The Co-operators Group Limited is a Canadian insurance co-operative, founded in 1945, owned by 46 members including co-ops, credit union centrals and representative farm organizations. It is one of the leading Canadian-owned multi-line insurers, offering auto, home, life, farm, travel and commercial insurance as well as investments. The company was started by farmers in Saskatchewan, in 1945.

The Co-operators Group Ltd. is a co-operative headquartered in Guelph, Ontario. That entity owns several operating companies, the largest of which is Co-operators General Insurance Company, which sells property and casualty insurance (i.e., auto, home, farm and commercial), primarily through its network of more than 485 exclusive agents. The second biggest company in the group is Co-operators Life Insurance Company, based in Regina, Saskatchewan, which sells life insurance (i.e., life, health, group benefits). Other member companies are HB Group Insurance of Mississauga, The Sovereign General Insurance Company of Calgary, CUMIS Group Limited based in Burlington, Ontario, and investment firm Addenda Capital of Montreal. As of year-end 2016, the group of companies had more than in assets under administration.

==History==
The roots of The Co-operators can be traced back to Saskatchewan. The Great Depression, followed by World War II, was a time of great adversity for rural communities as many agricultural families lost their belongings, their savings and their life insurance. In this environment, co-operatives were increasingly appealing as a way for a community to pool its resources to help rebuild lives.

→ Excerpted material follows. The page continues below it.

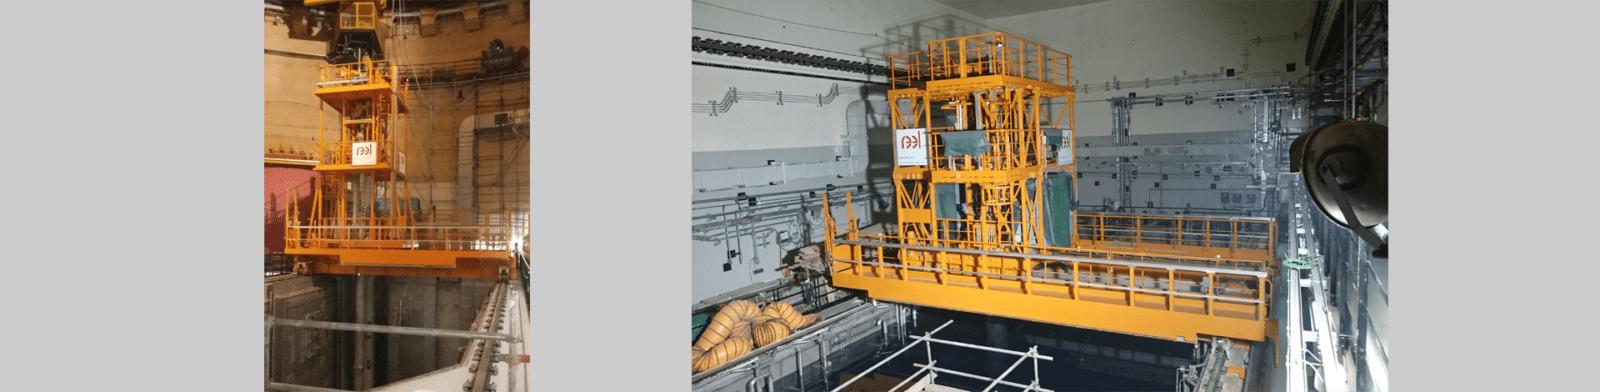 EPR Fuel Handling System

A group of farmers in Saskatchewan dreamed of building a co-operative insurance company to protect their assets for future generations. In 1945, with the support of the Saskatchewan Wheat Pool and farm-based prairie co-operatives, Co-operative Life Insurance Company was incorporated in Regina.

Similar developments were underway in Ontario, where the Co-operative Union of Ontario and the Ontario Credit Union League established Co-operators Fidelity & Guarantee Association 1946 to support farmers in that province.

The Saskatchewan- and Ontario-based companies expanded significantly over the years, both in terms of geography and product offerings. The two successor companies, Regina-based Co-operative Insurance Services and Co-operators Insurance Associations of Guelph, established closer ties and, in 1975, merged as CI Management Group, which adopted the brand name "The Co-operators." In 1978, the company took its present name.

The group of companies has grown steadily since then. Presently, The Co-operators banner includes Addenda Capital, Co-operators General Insurance Company, Co-operators Life Insurance Company, The CUMIS Group, HB Group Insurance, Federated Agencies Limited, and The Sovereign General Insurance Company.

The company is currently the title sponsor for the radio network of the Canadian Football League's Saskatchewan Roughriders.

==Awards and recognition==
Consistently ranked among the Best 50 Corporate Citizens in Canada by Corporate Knights, from 2010 to 2017, including being ranked in first place in 2011 and in the top ten in 2017.

Listed among Aon's Best Employers in Canada for 14 consecutive years, The Co-operators was one of the Platinum Winners in the 2017 report. The company has been on this list for 14 years.

Listed among Hewitt Associates' "Green 30" - a list of Canada's top employers that are highly regarded for their commitment to environmental, social and economic sustainability.